Published in final edited form as: Eur Respir J. 2024 Aug 8;64(2):2401026. doi: 10.1183/13993003.01026-2024

Not all are the same – the power of registries in defining genotype-phenotype relationships in primary ciliary dyskinesia

Amjad Horani 1,✉,#, Pleasantine Mill 2,✉,#
PMCID: PMC7616396  EMSID: EMS198126  PMID: 39117425

Steve Jobs once said ‘You can’t connect the dots looking forward; you can only connect them looking backwards. So you have to trust that the dots will somehow connect in your future.’ This holds true especially when dealing with rare conditions. Patterns often only emerge when you step back from individual patients and clinics and look over large multicentre datasets. Clinical registries are set up with the anticipation of finding patterns that can shed light onto disease processes, prognosis, and differences between patient groups. Registries require a significant upfront investment and time to set-up and more so to scale up to capture the necessary number of patients to see patterns emerge. The study led by Raidt et al[1] in this issue of the European Respiratory Journal exemplifies the power and importance of such large multiscale clinical datasets with genotypes, in stratifying patients moving forward.

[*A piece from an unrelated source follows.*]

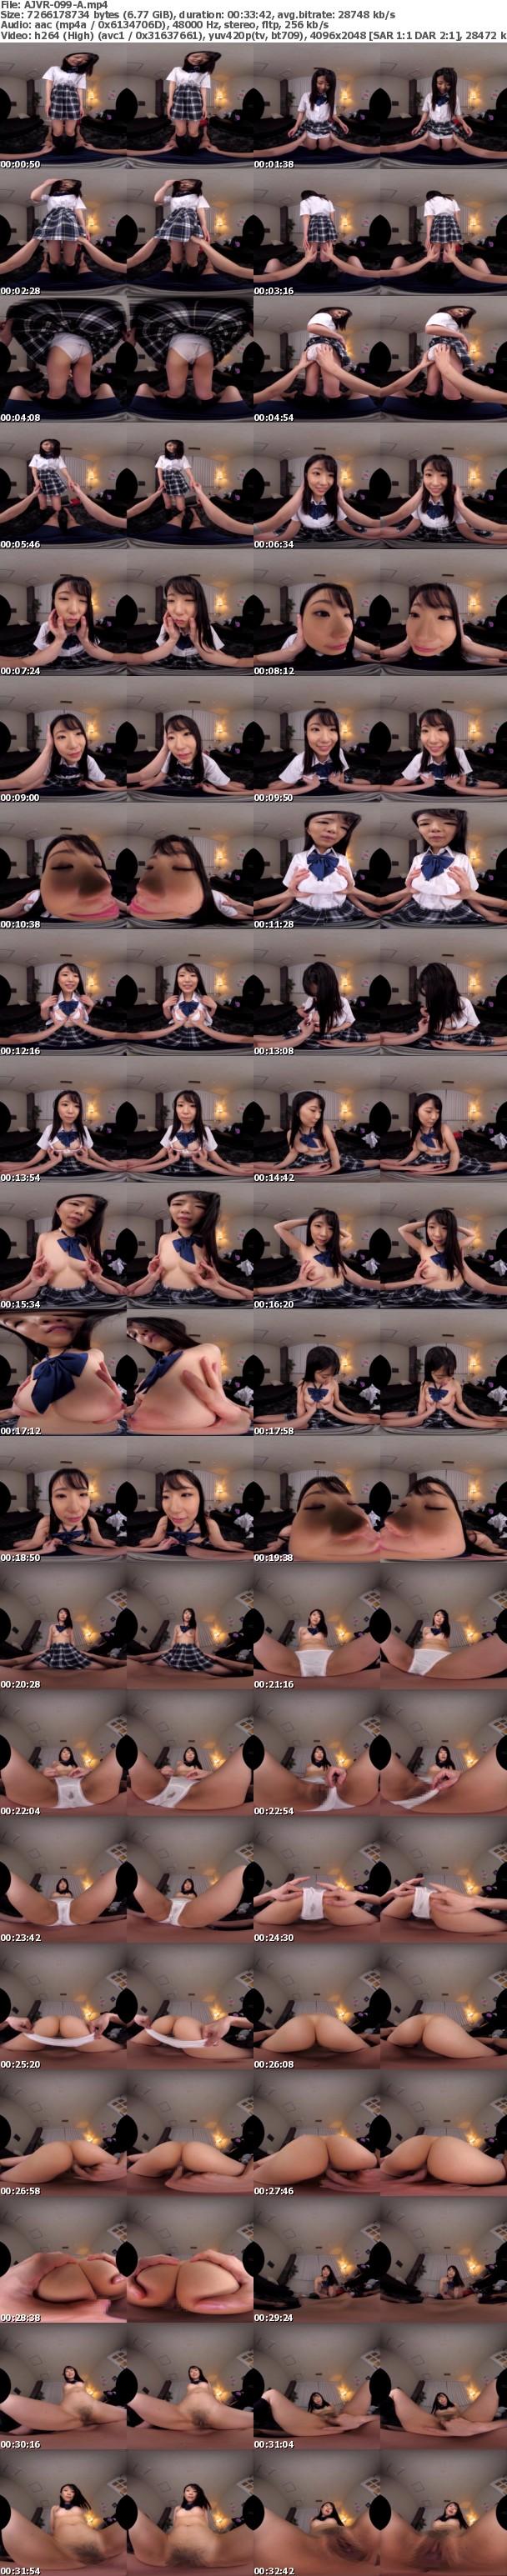 (VR) AJVR-099 頼んだらツバ3回飲ませてくれたワリキリ制服少女ゆいちゃん【ゴ有】超接近する薄ピンク乳輪&アナルと顔ハミ出さない覆いかぶさりツバ垂らし騎乗位と接吻しまくり対面座位とデカ尻突きまくりバックとゴム外して【生ハメ】超・覆いかぶさり正常位【中出し】 河合ゆい

Primary ciliary dyskinesia (PCD) is a rare genetic condition caused by dysfunction of motile cilia. Multiple motile cilia are small hair-like structures that line the respiratory tract, brain ventricles and reproductive tracts[2, 3]. Single motile cilia are also found on the transient node structure during early embryogenesis which functions in the establishment of left-right body asymmetry, as well as the sperm flagellum. The coordinated movement of motile cilia creates an effective fluid flow, such as is necessary for mucociliary clearance in the airways. Loss of this coordinated movement leads to significant lung disease, recurrent otitis media, conductive hearing loss, rhinosinusitis, hydrocephaly, and situs abnormalities including congenital heart defects. PCD is caused by variants in over 53 genes, yet common practice has treated all variants as similar[4]. However, there is mounting evidence reporting differences in disease severity in groups of patients carrying variants in specific genes[57] as well as different variants within the same gene[8]. These differences raise questions on the extent of genotype-phenotype relationships, and whether PCD should be viewed as a spectrum of disease severities.

The study by Raidt et al[1] demonstrates why a collaborative and concerted effort across many nations is necessary in caring for patients with rare conditions. It brings together 19 countries within the European Reference Network on respiratory diseases (ERN LUNG), in Europe, the Middle East, and South America to create the first international PCD Registry. Their data surveyed a staggering 1,236 patients with PCD, with confirmed pathogenic variants in 46 PCD genes, representing the largest and most encompassing PCD dataset to date. Genetic data was tied to clinical measurements like body mass index, laterality defects, and longitudinal lung function measurements (e.g. forced expiratory volume in 1 second, FEV1). Once all these data points are analysed, one can start to see patterns and important connections emerge. Not all genes are the same, and not all places are affected equally in PCD.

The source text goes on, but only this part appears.